__Supplied material__
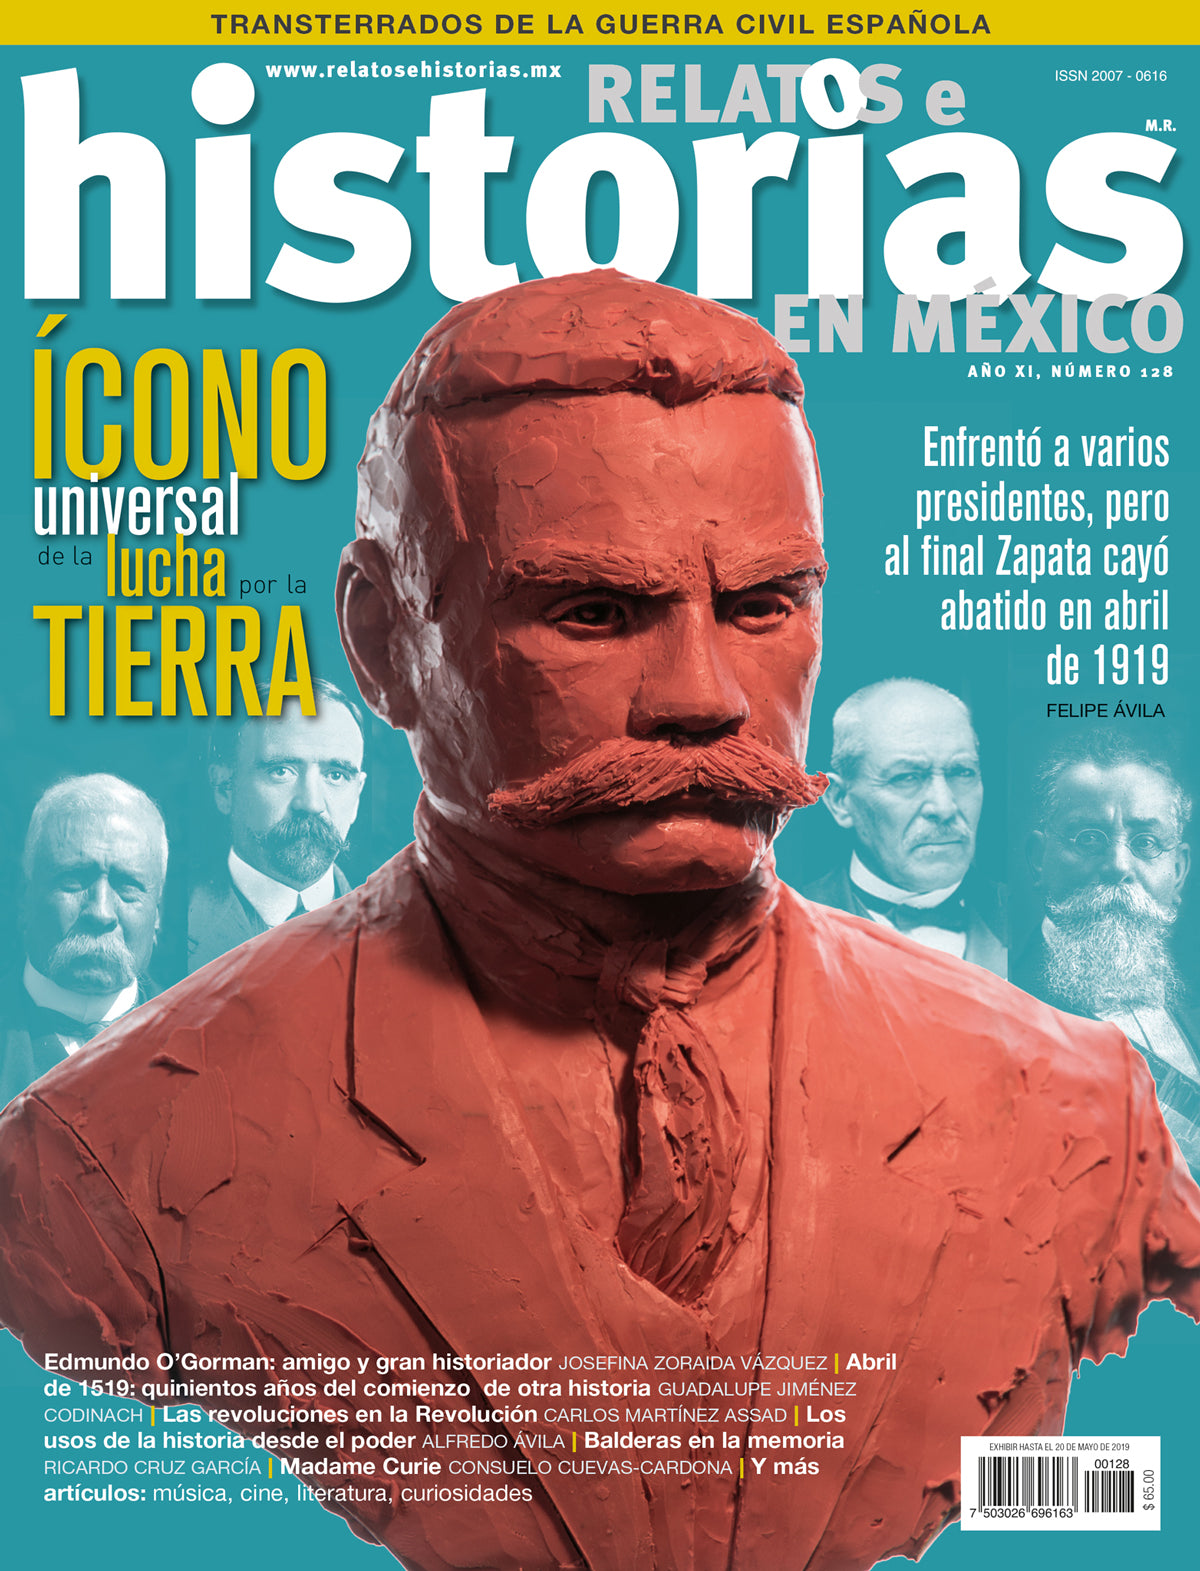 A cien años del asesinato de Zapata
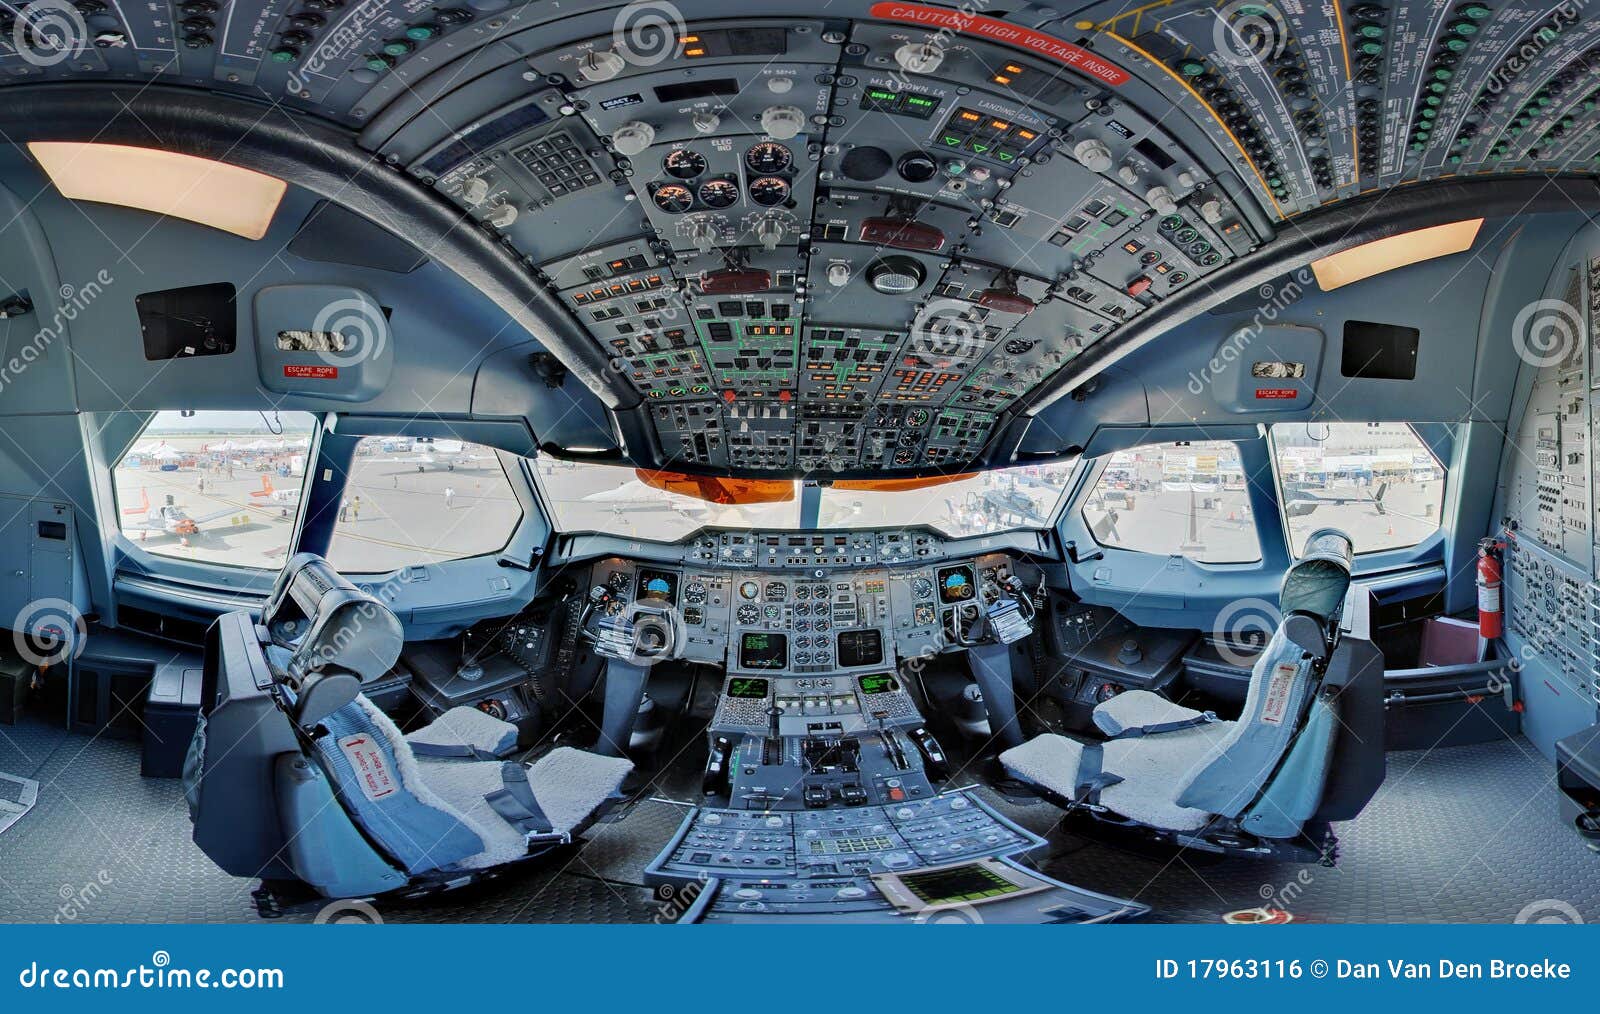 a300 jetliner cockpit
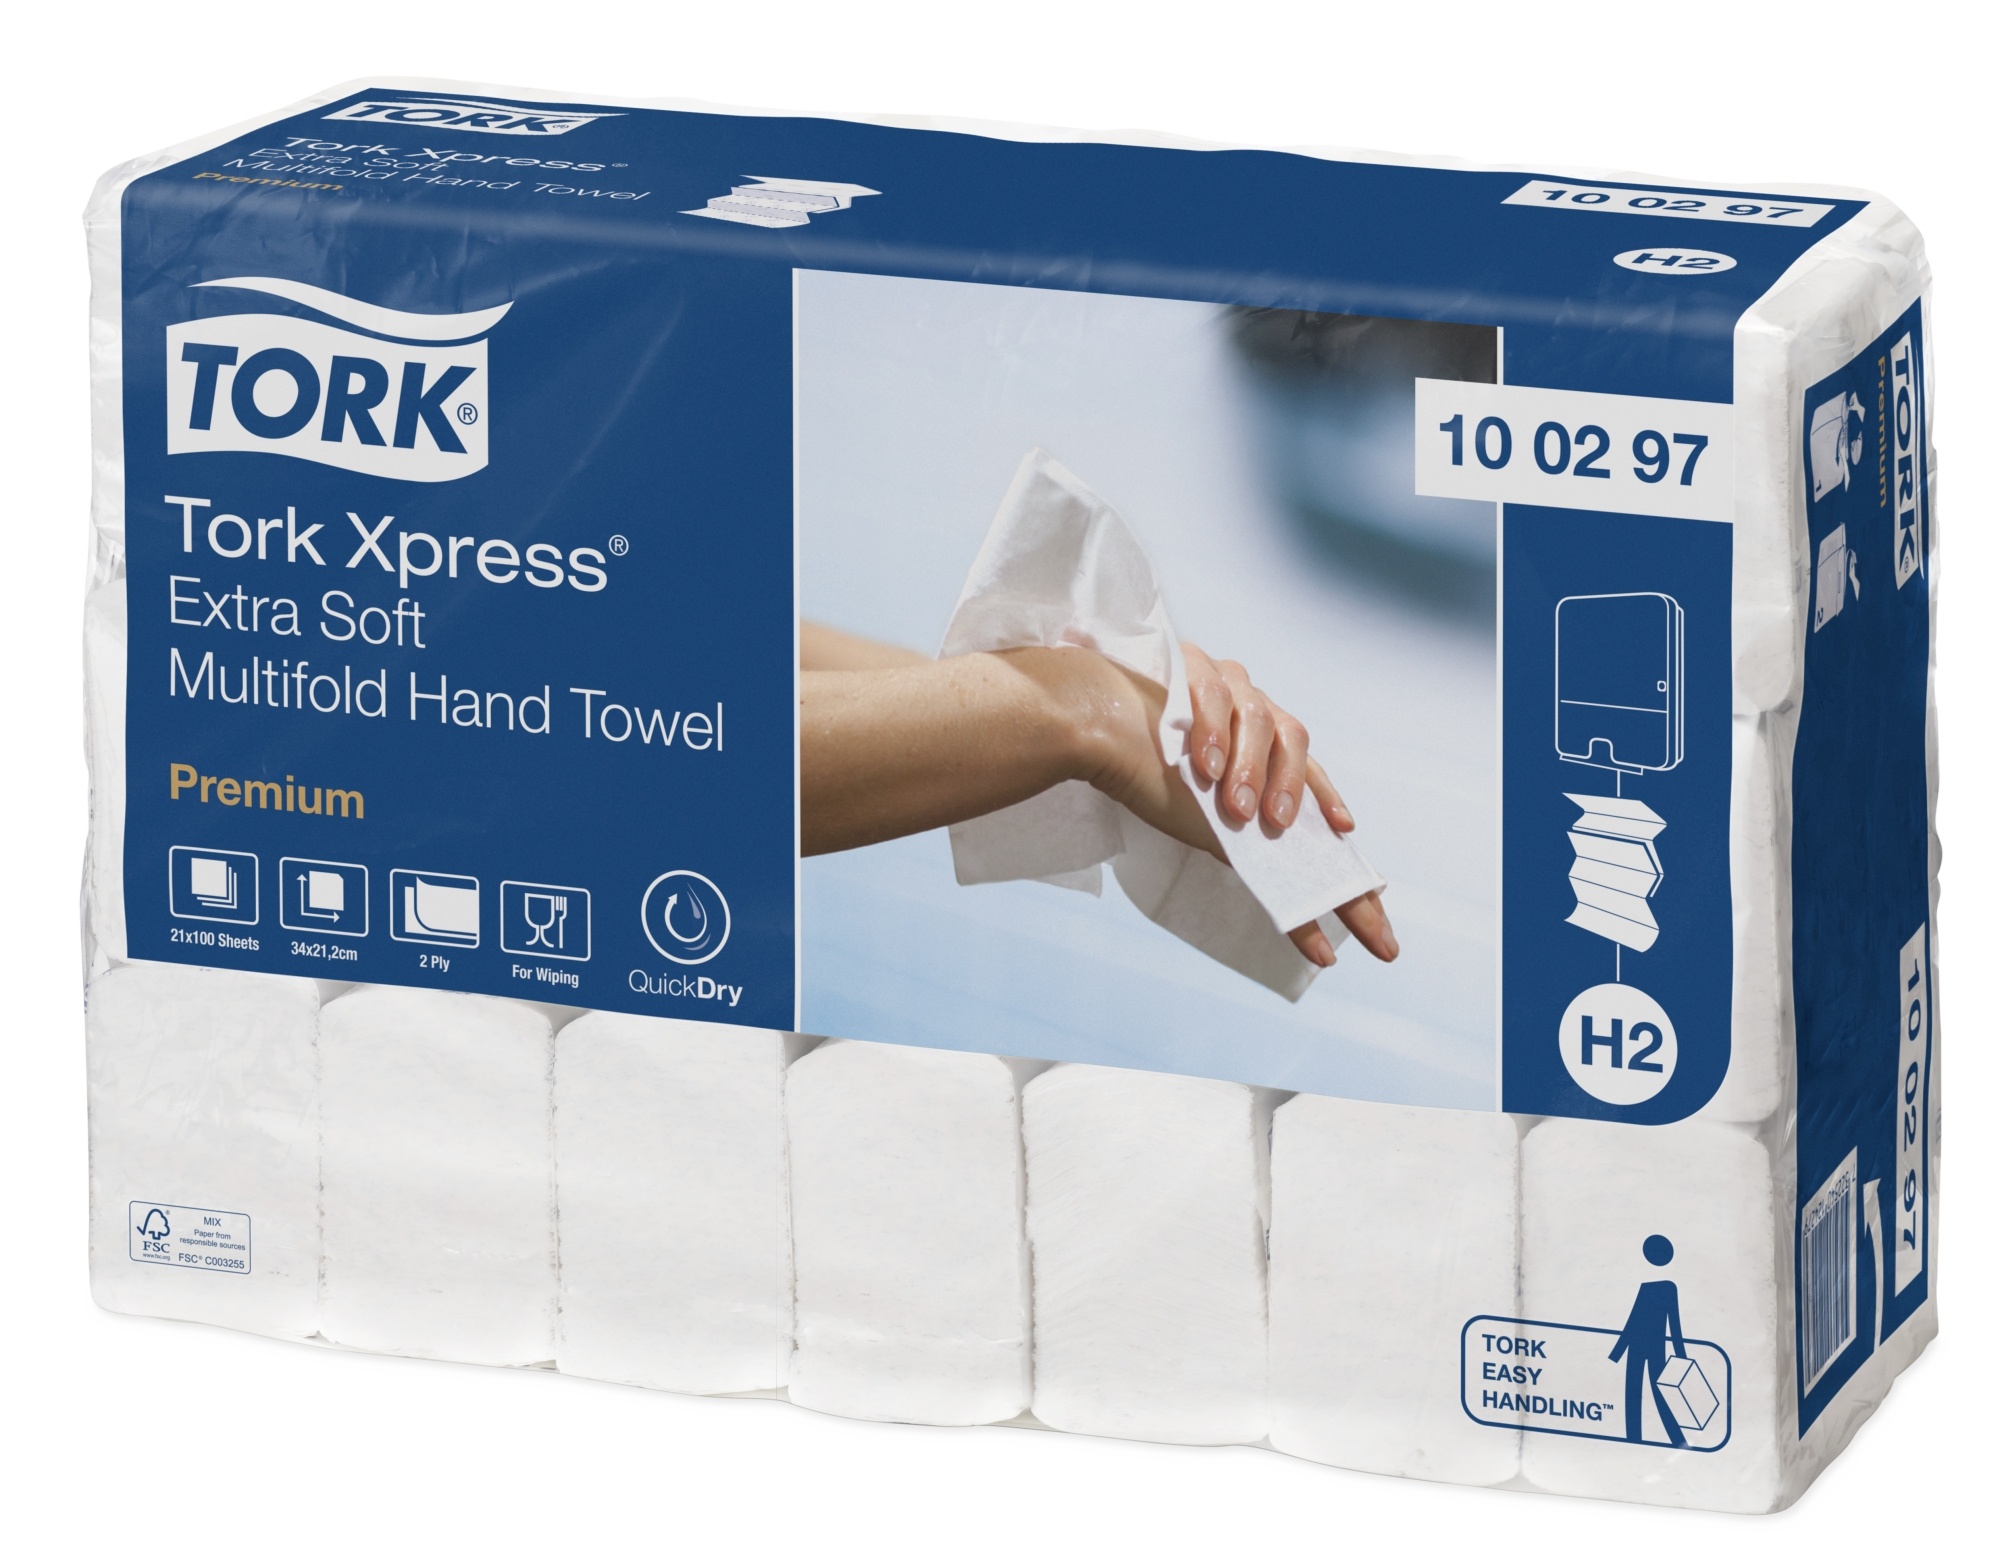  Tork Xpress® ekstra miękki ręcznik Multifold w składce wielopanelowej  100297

__Problem requirements__
Restate all of the data word for word and include no pictures.

__Exercise answer__
 A cien años del asesinato de Zapata
 a300 jetliner cockpit
  Tork Xpress® ekstra miękki ręcznik Multifold w składce wielopanelowej  100297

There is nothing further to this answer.